Use of the laptop provided a controlled environment in which other development or testing work did not affect the test runs. While it did not provide an opportunity for the optimizer to use parallelism in processing, it ensured that each query had the dedicated resources of the entire system while running. Non-essential applications and processes were shut down or otherwise disabled to prevent contention for resources.

For simplicity’s sake, each of the three examples used only the single SalesDetail table. All three techniques were tested at varying volumes. To be sure that each version was tested for the same number of rows, the three different queries were combined into a single job, in which each query begins by reading a variable number of rows from the SalesDetail table. Result sets from each query technique were written to temporary tables and a simple timing made of the number of milliseconds each query took to execute. The query times posted below represent the average over fifty(50) loops through each technique and number of rows.

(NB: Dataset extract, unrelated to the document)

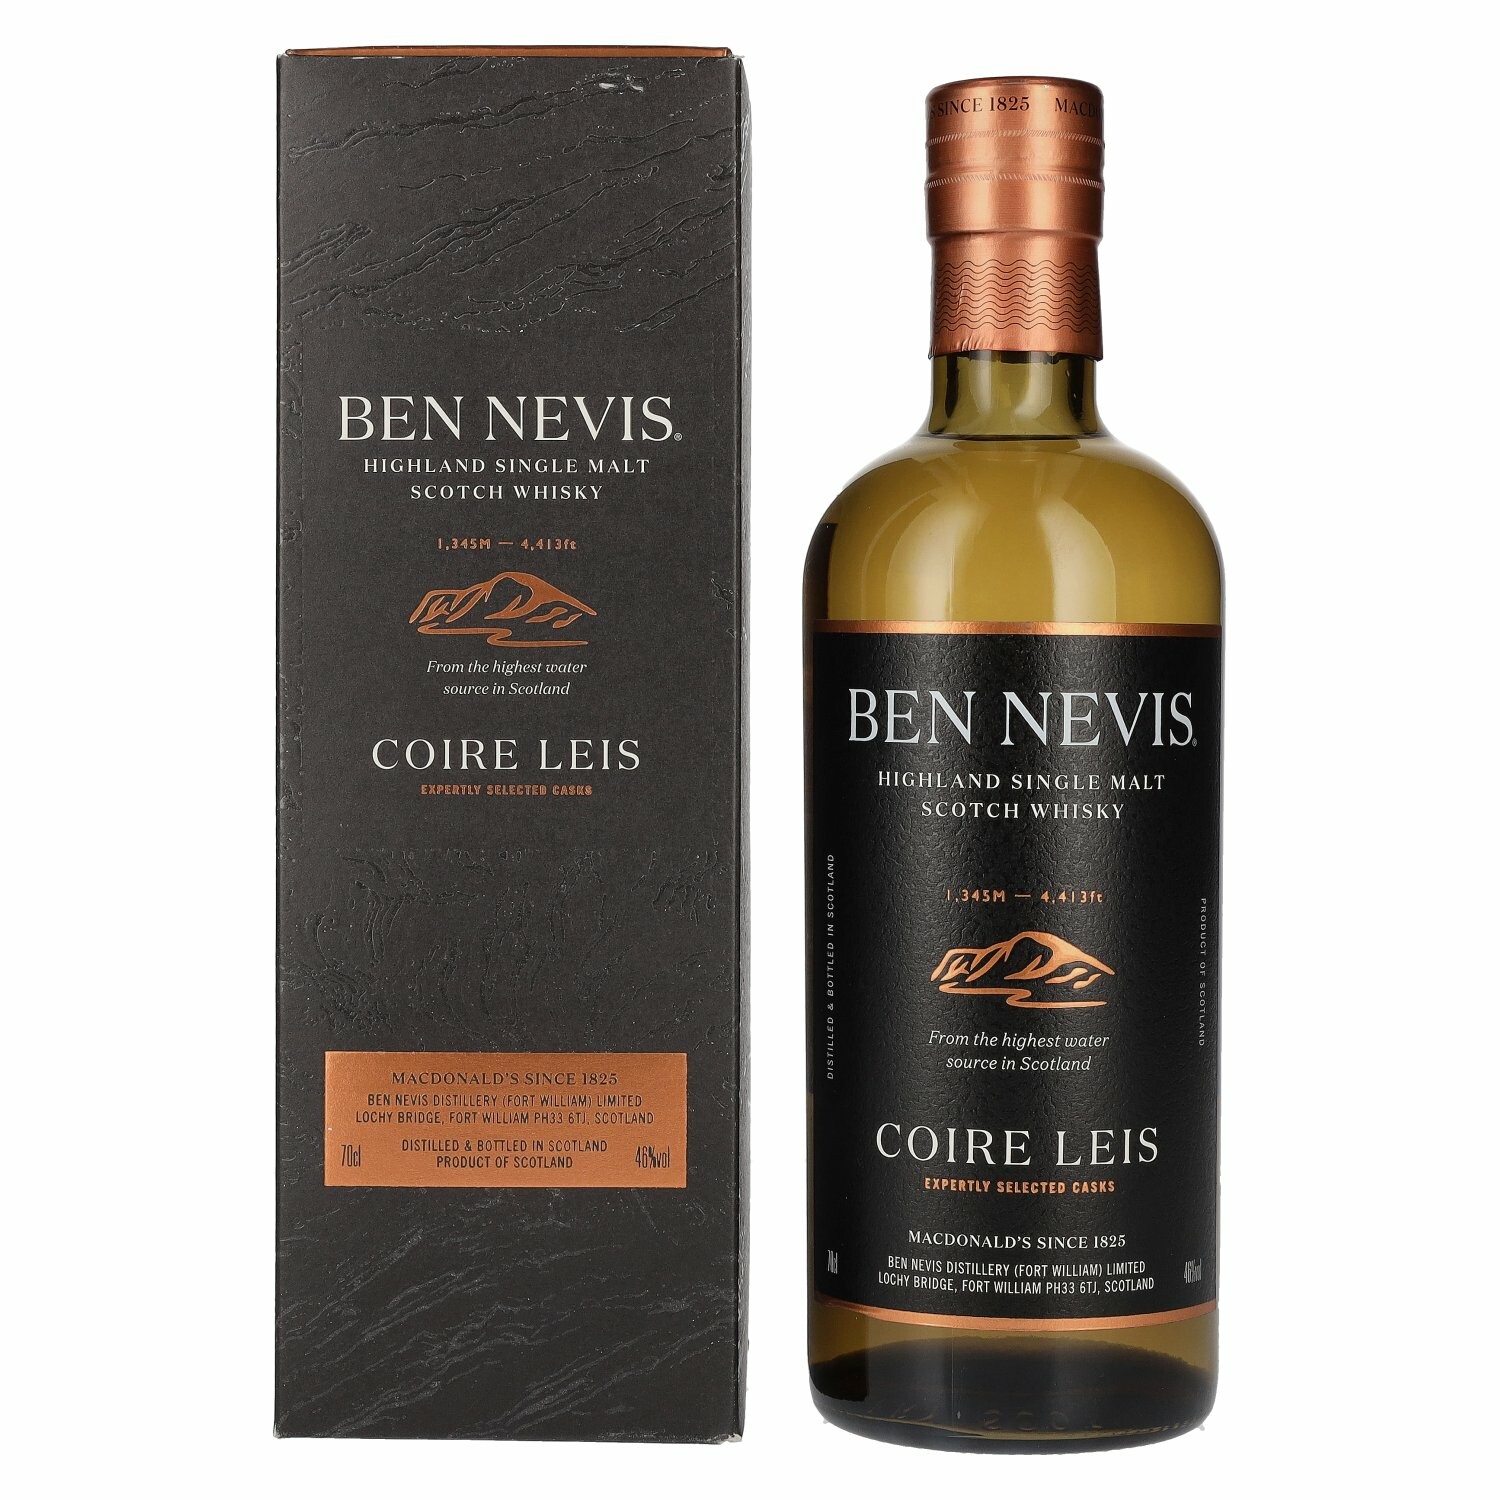 MacDonald's Ben Nevis COIRE LEIS Highland Single Malt 46% Vol. 0,7l in Giftbox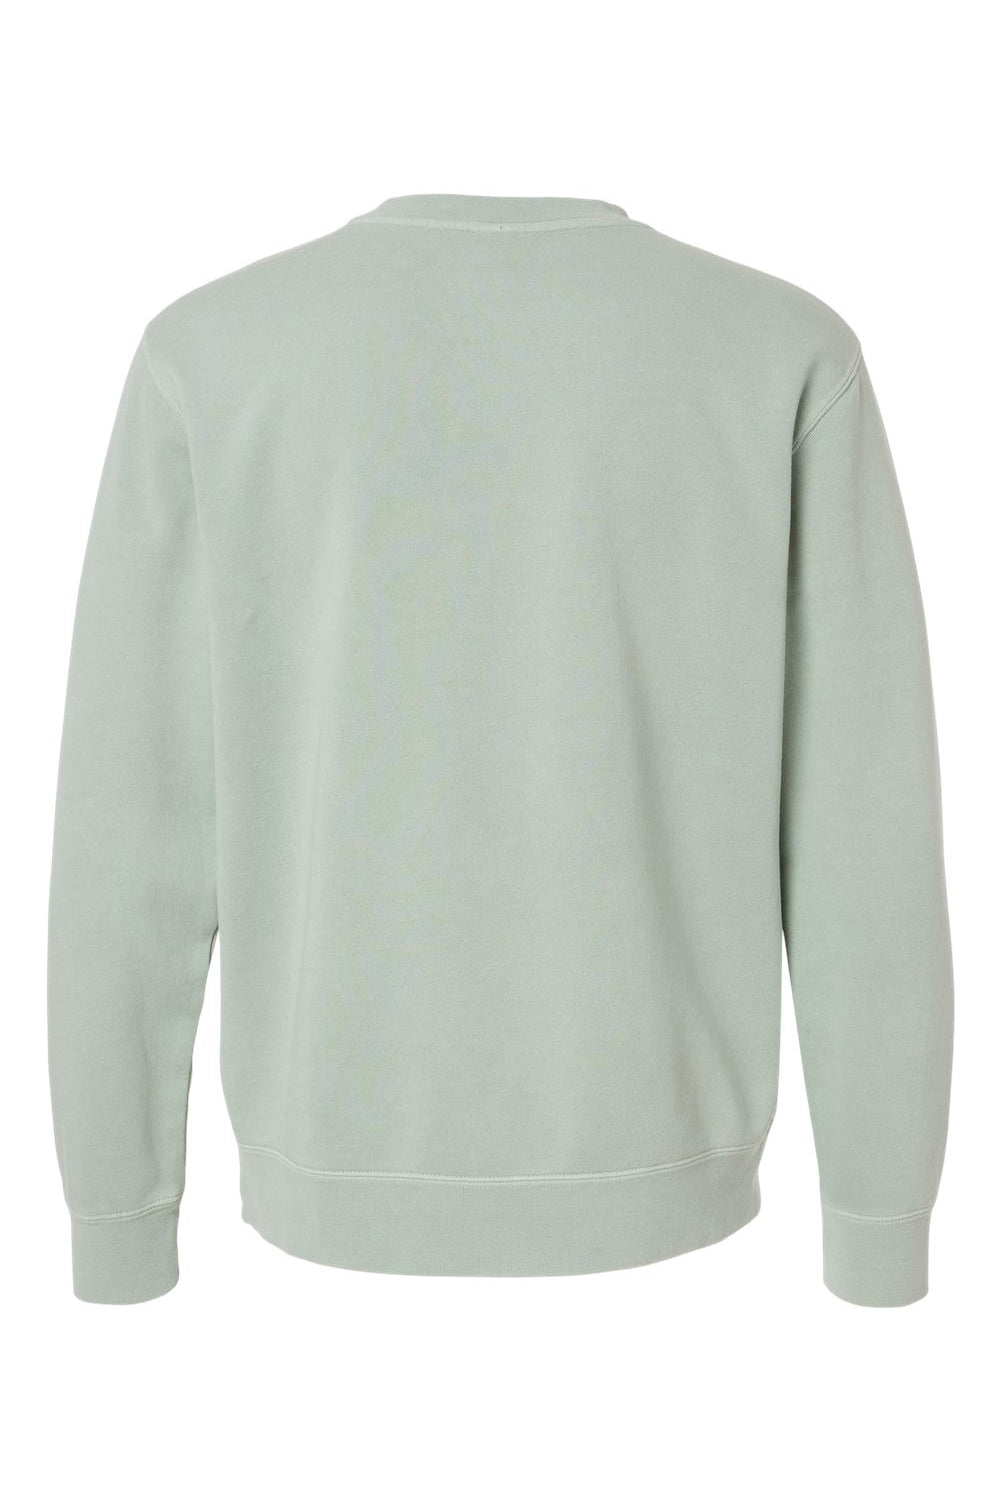 Independent Trading Co. PRM3500 Mens Pigment Dyed Crewneck Sweatshirt Sage Green Flat Back

 ------------------------------------------------------------
 -- Testing All Three Techniques
 ------------------------------------------------------------
 DECLARE @results table (Technique varchar(20),RowsCount int, Millisecs int)
 DECLARE @timer datetime
 DECLARE @rows int
 DECLARE @loop int
 SET @rows = 1000 -- will be incremented X10 up to a million
 WHILE @rows <= 1000000
   BEGIN  -- OUTER LOOP based on number of rows
    SET @loop = 1
    WHILE @loop <= 50   -- INNER LOOP based on count to 10
      BEGIN
      ------------------------------------------------------------
      -- Join Detail to MAX([SaleDate])
      ------------------------------------------------------------
      SET @timer =getdate()
      ;WITH cte1 AS (SELECT TOP(@rows) * FROM dbo.SalesDetail)
        ,cte2 AS ( SELECT product, max(SaleDate)AS LastDate
                   FROM cte1
                   group by product
                 )
      SELECT s.*
       INTO #results1
       FROM dbo.SalesDetail s
       join cte2 c on c.product = s.product and s.SaleDate = c.lastDate
      INSERT INTO @results
       SELECT 'Match MAX()', @rows, datediff(ms,@timer,getdate())
      ------------------------------------------------------------
      -- SELECT TOP 1 for each product by SaleDate desc
      ------------------------------------------------------------
      SET @timer =getdate()
      ;WITH cte1 AS(SELECT TOP(@rows) * FROM dbo.SalesDetail)
      ,cte2 AS (SELECT distinct product FROM cte1 )
      SELECT ca.*
       INTO #results2
       FROM cte2 c
       cross apply (
        SELECT TOP (1) *
         FROM dbo.SalesDetail s
         WHERE s.product = c.product
         ORDER BY SaleDate desc
       ) ca
      INSERT INTO @results
       SELECT 'Top (1)', @rows, datediff(ms,@timer,getdate())
      --------------------------------------------------------------------
      -- use ROW_NUMBER() function to assign sequence IDs to rows
      --------------------------------------------------------------------
      SET @timer =getdate()
      ;WITH cte1 AS( SELECT TOP(@rows) * FROM dbo.SalesDetail)
      ,cte2 AS (
      SELECT *,row_number()OVER(PARTITIONBY product ORDER BY SaleDate DESC) AS seqID
       FROM cte1
       )                                                                     
      SELECT *
       INTO #results3
       FROM cte2
       WHERE seqID = 1
      INSERT INTO @results
       SELECT 'Row_Number()', @rows, datediff(ms,@timer,getdate())
      -- note: prior to adding loops, the queries were tested to ensure
      --       they were producing identical result sets
      drop table #results1
      drop table #results2
      drop table #results3                                                         
      SET @loop = @loop + 1                                                    
    END -- INNER LOOP
  SET @rows = @rows*10
 END -- INNER LOOP
 ----------------------------------------------------------
 select Technique,RowsCount,avg(1.0 * Millisecs) as AvgMS
 from @results
 group by  Technique,RowsCount

Results of Testing at 1,000 Rows

With @rows = 1000, the execution times were as follows:

TechniqueExecution Time in Milliseconds
1,000 Rows10,000 Rows100,000 RowsOne Million Rows
Match MAX() 489.6
Row_Number() 4.28
Top (1) 6902.94

At a thousand rows, it certainly looked like a no-brainer in terms of efficiency. Getting the MAX ([SaleDate]) for each product in the thousand rows and then using a join back to the SalesDetail table was over 10 times faster than taking the TOP (1) rows for each product. But the ROW_NUMBER() technique ran almost instantly, and so was the clearly the most efficient for only a small amount of data.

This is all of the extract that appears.